Кажется, теперь ей все-таки стыдно, и стыд заставляет отворачиваться, искать на полу халат или рубашку… была ведь рубашка.
Куда подевалась?
Когда?
Лихослав не позволяет ускользнуть, держит крепко, к себе прижимает, повторяет имя на ухо, трогая его, пылающее от стыда, губами.
— Ева… моя…
— Ты меня презираешь?
Где-то далеко часы отмерили время, и бой их разносится по Цветочному павильону.
— Нет.
Хочется верить, но…
— Я ведь замужем не была, а… и снова вот… и, наверное, на роду написано…
— Не жалей.
— О чем?
— Ни о чем. — Он по-прежнему держит, и хорошо, потому что теперь можно сдаться, сказав себе, что у Евдокии нет иного выбора, подчиниться.
Остаться лежать.
На его плече и рядом, непозволительно близко… грехи она замолит, откупится от божьего гнева белыми голубями и еще дюжиной восковых свечей, тех, которые подороже… и смешно и горько. Разве можно с богами так, как с пожарным инспектором? Правда, брал тот отнюдь не голубями…
…Боги обходились дешевле.
— Ты красивая…
— Перестань.
— Почему?
— Просто… я не жалею. Наверное, не жалею…

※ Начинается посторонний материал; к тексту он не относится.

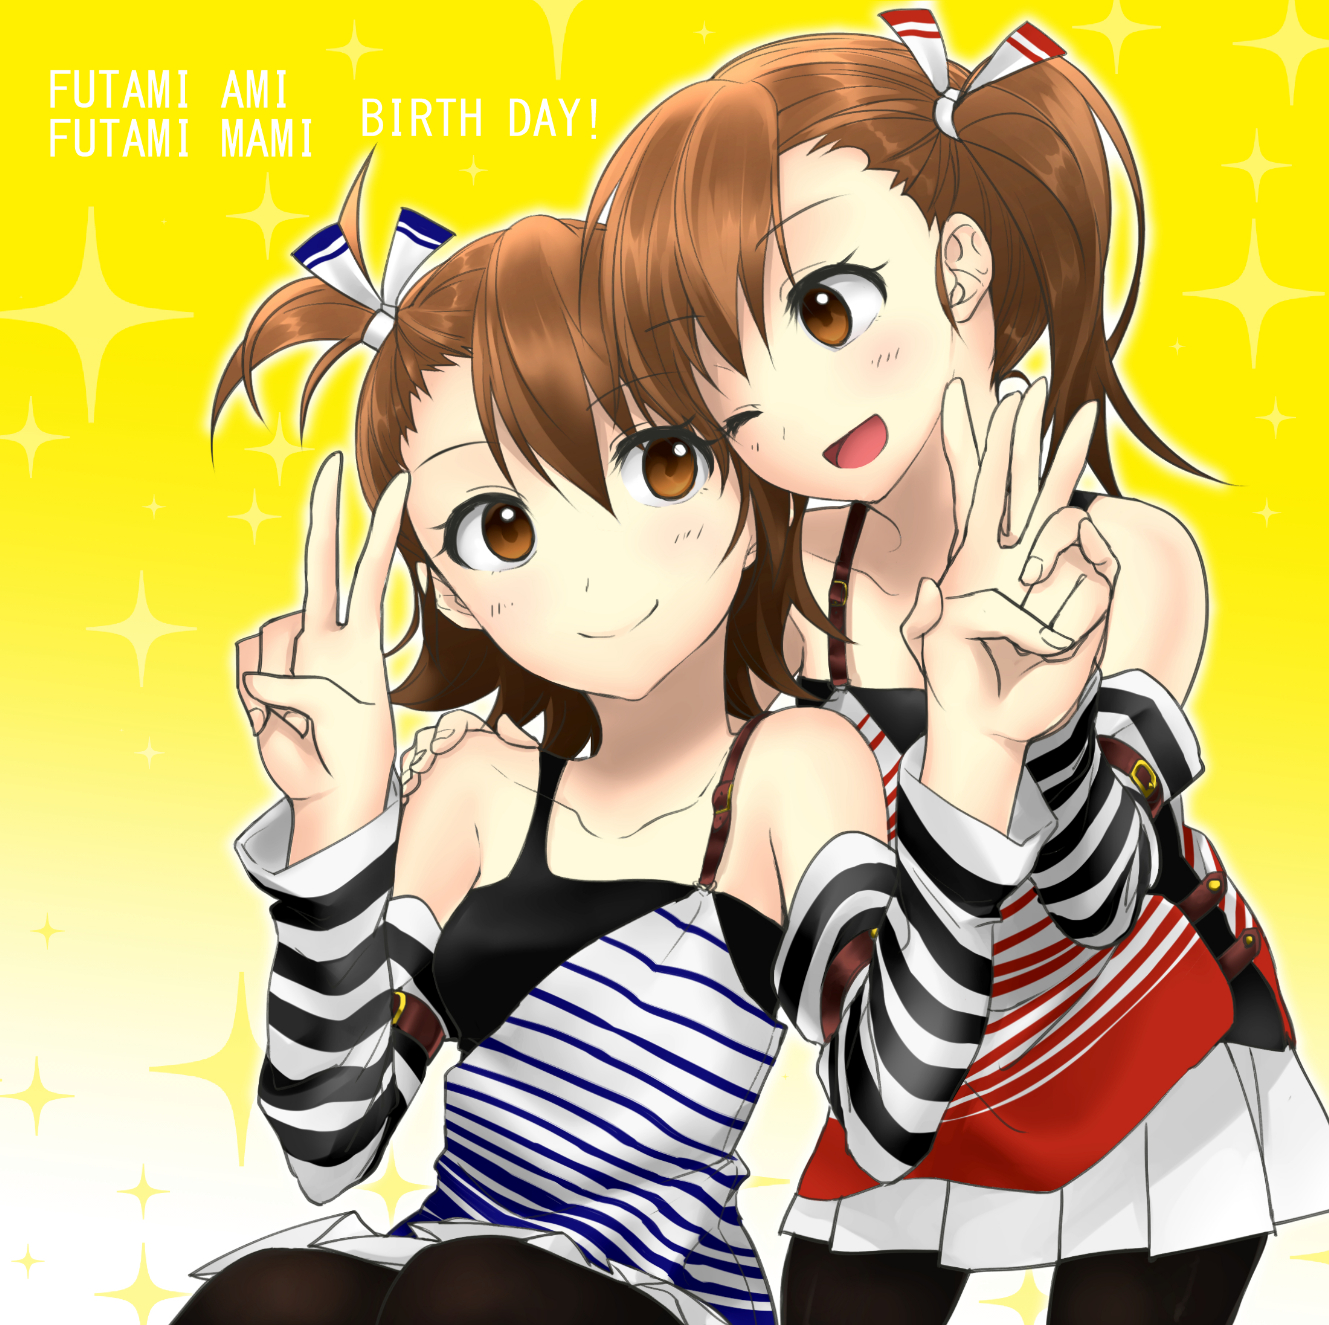 Anime 1329x1325 anime anime girls THE iDOLM@STER Futami Ami Futami Mami long sleeves brunette twins two women artwork digital art fan art

— Так наверное или не жалеешь?
— Не жалею. — Во всяком случае пока, а о том, что будет дальше, Евдокия старалась не думать. В конце концов, до рассвета еще несколько часов… и пол жесткий, но вставать не хочется. А Лихослав дотягивается до кителя и набрасывает его на плечи Евдокии.
От кителя пахнет табаком.
— И правильно. — Он водит большим пальцем по переносице Евдокии вверх, и вниз, и снова вверх. По линии брови и по щеке тоже. — Выйдешь за меня замуж?
— Сейчас?
— В принципе.
— В принципе выйду.
Сказала и… и почему бы и нет?
…потому что не стоит обманываться. Ночь — это ночь, а жизнь — совсем даже другое… и если Евдокию прошлое ничему-то не учит, то…

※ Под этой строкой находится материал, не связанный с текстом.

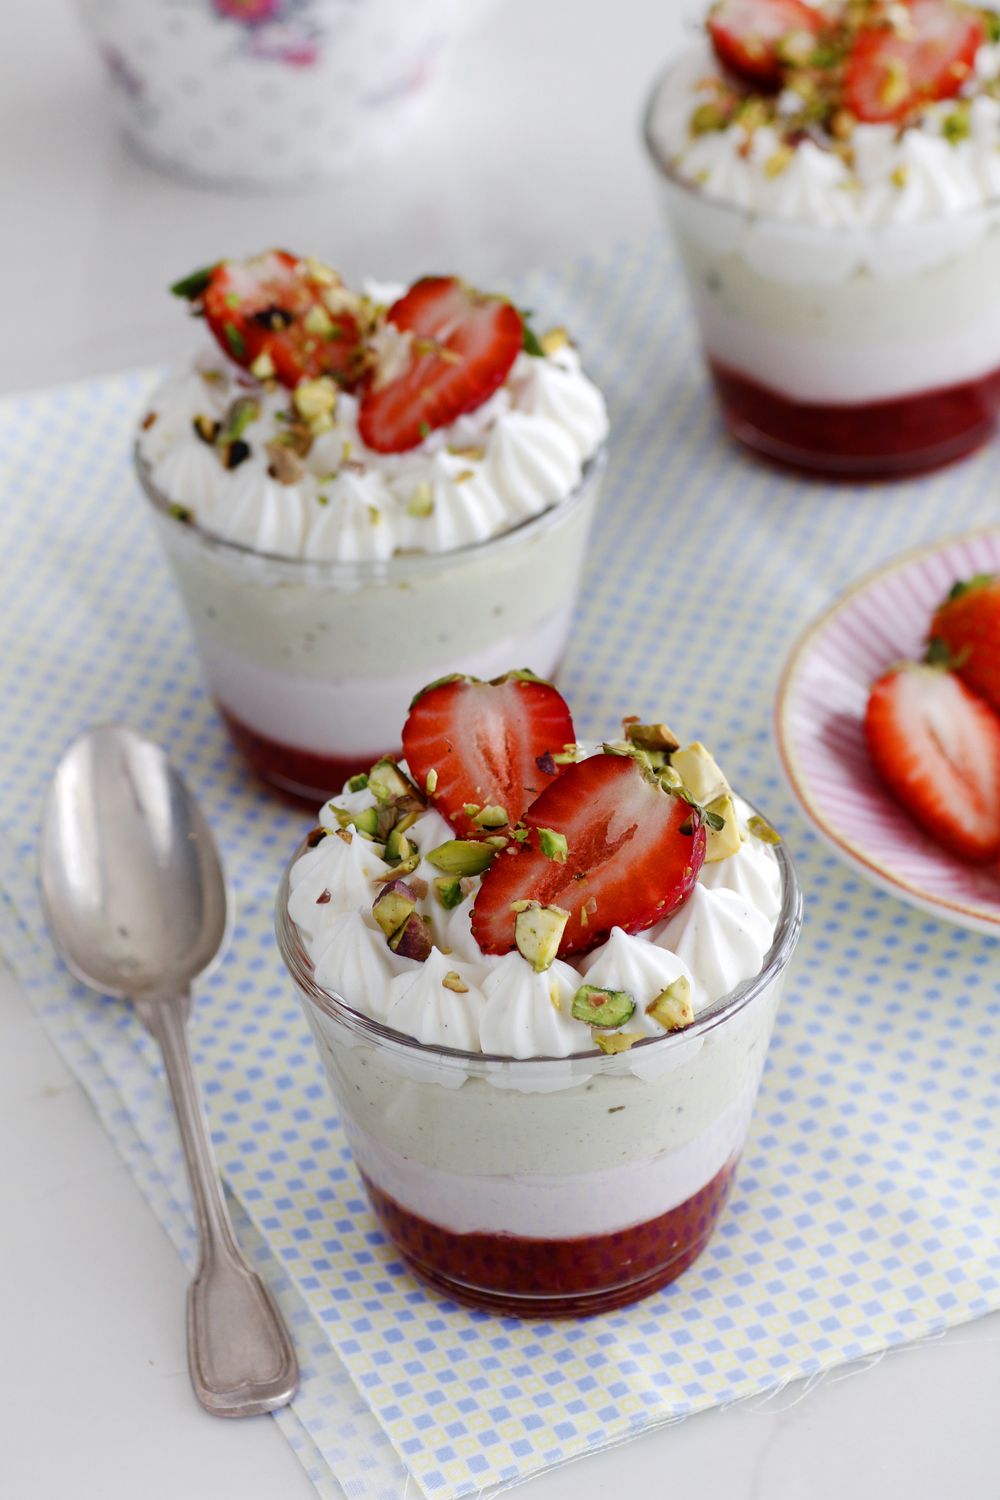 Pistachio and Strawberry Parfaits #strawberry #recipe #parfait #baking #dessert #glutenfree #pistachio

— Кто тебя обидел, Ева? — Лихослав крепче обнял. И говорил по-прежнему на ухо, касаясь губами мочки… и рука, лежавшая на животе, живот поглаживала, и, наверное, не было в этом ничего-то такого особенного, поздно уже таиться от него, прикрываясь девичьей добродетелью, но Евдокия смущалась.
Краснела.
Радовалась, что краснота ее не видна. А сердце стучит… так и у Лихослава тоже, бухает, то замирая, то вдруг вскачь несется. Евдокия знает. И успокаивает его, всполошенное, прижимая ладонь к сухой жесткой коже.
…будто старый маменькин плащ гладишь, тот самый, которым она Евдокию от непогоды укрывала…

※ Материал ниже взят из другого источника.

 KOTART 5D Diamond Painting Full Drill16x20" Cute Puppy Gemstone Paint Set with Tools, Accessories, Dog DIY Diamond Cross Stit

…и от страхов, когда Евдокия была мала и боялась, что молний, что грома, что теней под кроватью, не зная — бояться надобно людей.
…и спокойно вдруг, уютно.
— С чего ты взял, что меня обидели?
— Ты мне не веришь. И прячешься. Не от меня, ото всех… — Губы Лихослава коснулись пылающей щеки. — Придумала себе личину и прячешься…
— Какую личину?
— Серьезную. Ты, когда думаешь, что тебя не видят, нос чешешь… мизинцем… а обижаясь, губу нижнюю выпячиваешь.
— Неправда!
— Правда. А когда видят, то застываешь прямо… такое лицо становится… ненастоящее. Не твое. И колючки торчат во все стороны.